Мама. 4 сентября 1941 года».
— Четвертого сентября, — повторил Андрей. — Как давно!
Он вспомнил бабушку, жизнелюбивую, сухонькую, с выцветшими глазами. Никогда уже больше не увидеть ее.
— Пойдем, что ли! — поежился Сорокин.
Андрей отогнал воспоминания, достал карандаш и размашисто приписал:
«Дорогие! Был дома — никого не застал. Встретимся после победы. Я здоров, обо мне не беспокойтесь.
Андрей, 15 октября 1941 года».
Обратно ехали молча. Перед самой Москвой Сорокин достал записную книжку и внимательно прочел свежую запись.
— Адрес оставила. Говорит — приезжай, все будет!
— Кто?
— Да бабенка эта, с кем утром ехали.
Утром на очередном осмотре седоватый широколицый доктор сказал Сорокину:
— Вот мы вас и починили. Можно выписывать. Соскучились, наверно, по дивизии?
Сорокин начал жаловаться на головные боли, недомогание, просил отправить его на комиссию. Врач скрепя сердце согласился. Закусив губу, Мишель вышел из кабинета. В палате он негромко сказал, ни к кому не обращаясь:
— Скоро на выписку, ребята. Воспользуюсь случаем, навещу родичей. Если не вернусь к отбою…
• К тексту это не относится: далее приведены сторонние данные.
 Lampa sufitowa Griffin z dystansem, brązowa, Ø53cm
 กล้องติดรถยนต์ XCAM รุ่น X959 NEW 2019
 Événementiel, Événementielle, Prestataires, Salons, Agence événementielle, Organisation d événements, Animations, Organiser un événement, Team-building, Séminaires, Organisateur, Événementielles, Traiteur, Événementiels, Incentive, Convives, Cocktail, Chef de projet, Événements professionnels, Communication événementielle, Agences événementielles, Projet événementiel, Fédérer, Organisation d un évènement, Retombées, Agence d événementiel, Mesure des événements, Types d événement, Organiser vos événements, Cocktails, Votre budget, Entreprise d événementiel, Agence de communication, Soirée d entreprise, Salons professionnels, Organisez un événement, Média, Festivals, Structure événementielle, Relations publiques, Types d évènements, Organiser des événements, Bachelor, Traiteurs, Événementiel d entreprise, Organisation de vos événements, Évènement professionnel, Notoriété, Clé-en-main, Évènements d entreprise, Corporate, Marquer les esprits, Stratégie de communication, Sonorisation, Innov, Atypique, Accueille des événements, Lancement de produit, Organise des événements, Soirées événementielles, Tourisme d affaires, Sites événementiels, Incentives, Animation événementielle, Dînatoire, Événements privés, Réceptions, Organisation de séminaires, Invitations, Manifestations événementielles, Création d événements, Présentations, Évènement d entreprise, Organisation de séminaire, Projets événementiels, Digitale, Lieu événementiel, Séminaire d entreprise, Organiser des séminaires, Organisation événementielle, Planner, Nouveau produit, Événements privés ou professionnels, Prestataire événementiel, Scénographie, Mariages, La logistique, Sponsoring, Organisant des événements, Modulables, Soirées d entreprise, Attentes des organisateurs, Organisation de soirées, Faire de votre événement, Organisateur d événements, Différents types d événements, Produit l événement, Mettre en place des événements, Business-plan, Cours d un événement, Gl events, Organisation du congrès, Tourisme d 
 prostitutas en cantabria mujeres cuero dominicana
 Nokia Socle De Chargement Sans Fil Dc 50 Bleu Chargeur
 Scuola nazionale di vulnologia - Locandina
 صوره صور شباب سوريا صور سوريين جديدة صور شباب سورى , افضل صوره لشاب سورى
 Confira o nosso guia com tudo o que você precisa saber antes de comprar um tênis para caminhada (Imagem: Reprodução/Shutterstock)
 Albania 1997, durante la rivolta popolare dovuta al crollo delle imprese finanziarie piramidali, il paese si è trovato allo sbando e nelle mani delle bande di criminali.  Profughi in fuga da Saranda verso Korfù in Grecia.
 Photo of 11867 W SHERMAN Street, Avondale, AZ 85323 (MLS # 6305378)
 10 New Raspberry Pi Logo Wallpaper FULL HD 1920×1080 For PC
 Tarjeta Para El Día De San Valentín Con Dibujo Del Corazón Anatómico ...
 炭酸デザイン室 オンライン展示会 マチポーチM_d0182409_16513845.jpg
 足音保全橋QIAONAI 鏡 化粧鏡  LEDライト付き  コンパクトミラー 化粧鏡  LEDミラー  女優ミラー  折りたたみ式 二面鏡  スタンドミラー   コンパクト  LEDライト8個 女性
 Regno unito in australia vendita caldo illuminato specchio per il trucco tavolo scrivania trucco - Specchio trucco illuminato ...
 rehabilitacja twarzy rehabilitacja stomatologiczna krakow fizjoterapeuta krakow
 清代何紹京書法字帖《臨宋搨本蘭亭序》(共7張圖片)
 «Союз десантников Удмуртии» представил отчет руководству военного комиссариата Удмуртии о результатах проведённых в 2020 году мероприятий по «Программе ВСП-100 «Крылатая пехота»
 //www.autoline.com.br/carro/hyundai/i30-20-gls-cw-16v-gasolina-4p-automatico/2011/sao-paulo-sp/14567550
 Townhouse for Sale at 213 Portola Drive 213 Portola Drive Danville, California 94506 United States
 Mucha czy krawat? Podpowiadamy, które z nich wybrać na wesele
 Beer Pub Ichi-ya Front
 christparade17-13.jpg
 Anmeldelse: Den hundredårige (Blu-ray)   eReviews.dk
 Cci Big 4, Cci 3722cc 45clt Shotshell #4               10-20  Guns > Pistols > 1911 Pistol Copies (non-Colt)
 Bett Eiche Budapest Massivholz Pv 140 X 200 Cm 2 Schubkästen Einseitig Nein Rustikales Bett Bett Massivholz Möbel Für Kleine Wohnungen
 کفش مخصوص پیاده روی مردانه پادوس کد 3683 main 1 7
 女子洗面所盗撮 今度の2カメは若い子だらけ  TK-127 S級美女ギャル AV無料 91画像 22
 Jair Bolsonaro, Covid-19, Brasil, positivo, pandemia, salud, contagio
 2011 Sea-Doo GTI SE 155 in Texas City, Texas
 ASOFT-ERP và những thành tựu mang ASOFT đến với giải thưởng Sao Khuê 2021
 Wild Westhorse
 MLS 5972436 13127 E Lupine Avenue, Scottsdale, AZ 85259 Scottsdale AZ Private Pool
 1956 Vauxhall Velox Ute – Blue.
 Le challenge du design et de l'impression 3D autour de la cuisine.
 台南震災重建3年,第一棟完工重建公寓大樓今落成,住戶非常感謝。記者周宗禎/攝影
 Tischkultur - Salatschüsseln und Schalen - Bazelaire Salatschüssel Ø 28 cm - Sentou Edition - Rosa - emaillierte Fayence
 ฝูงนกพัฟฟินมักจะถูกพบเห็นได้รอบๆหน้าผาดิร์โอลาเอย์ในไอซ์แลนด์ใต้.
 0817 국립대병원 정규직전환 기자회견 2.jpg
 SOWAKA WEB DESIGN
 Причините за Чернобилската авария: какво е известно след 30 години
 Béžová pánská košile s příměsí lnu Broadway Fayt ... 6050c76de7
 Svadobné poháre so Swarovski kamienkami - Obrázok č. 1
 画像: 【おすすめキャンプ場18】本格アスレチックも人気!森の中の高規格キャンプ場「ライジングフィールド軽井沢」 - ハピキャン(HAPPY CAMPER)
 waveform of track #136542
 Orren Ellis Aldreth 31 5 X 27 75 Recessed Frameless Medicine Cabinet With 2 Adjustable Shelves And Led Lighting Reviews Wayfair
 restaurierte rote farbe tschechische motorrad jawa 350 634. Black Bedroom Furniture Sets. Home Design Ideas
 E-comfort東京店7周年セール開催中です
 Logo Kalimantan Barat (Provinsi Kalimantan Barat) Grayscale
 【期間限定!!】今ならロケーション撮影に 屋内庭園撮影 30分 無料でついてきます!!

— Порядок! — невозмутимо откликнулся матрос. — Скажем, задержался. На якоре у невесты стоит.
Чернобородый рассмеялся, Андрей еще не возвращался из перевязочной. Закутанный в марлю командир лежал молча, очевидно спал. Проходя мимо него, Сорокин обратил внимание на его крупные, коричневые от ожогов руки.
«Бинт сняли, — подумал лейтенант. — Поправляется потихоньку, бедняга».
Никто в палате не догадывался о том, насколько был. близок к истине матрос, когда сказал о невесте. Лейтенант Сорокин поехал к той самой женщине, которую они с Кургановым встретили в дачном поезде.
В вагоне лейтенант попытался проанализировать свое душевное состояние. Он ехал к женщине, к которой не питал никаких чувств. Под ее гостеприимным теплым кровом он хотел переждать военный ураган, а потом… Это «потом» тонуло в тумане. Оттуда выплывали страшные слова: «трус», «дезертир». Сорокин со стоном схватился за пылающую голову.
— Ты чего, сынок? — участливо осведомилась старая крестьянка. — Никак, заболел?
— Зубы, — краснея, буркнул Сорокин.
— Это бывает, — откликнулась женщина помоложе. — Теплое приложить надо, не застуживать.
— В таком деле, — вмешался старик в рваной железнодорожной шинели, — первое средствие — шалфей!
С ним не согласились. Разгорелся спор. Сорокин слушал, как люди ворчливо корили друг друга из-за того, что каждый хотел дать лучший совет ему — здоровому, сильному человеку. Стало не по себе, он вышел в тамбур.
— Дяденька! Дяденька военный! — Сорокина тронуло за руку какое-то существо, закутанное в лохмотья. — Дайте кусочек хлебца!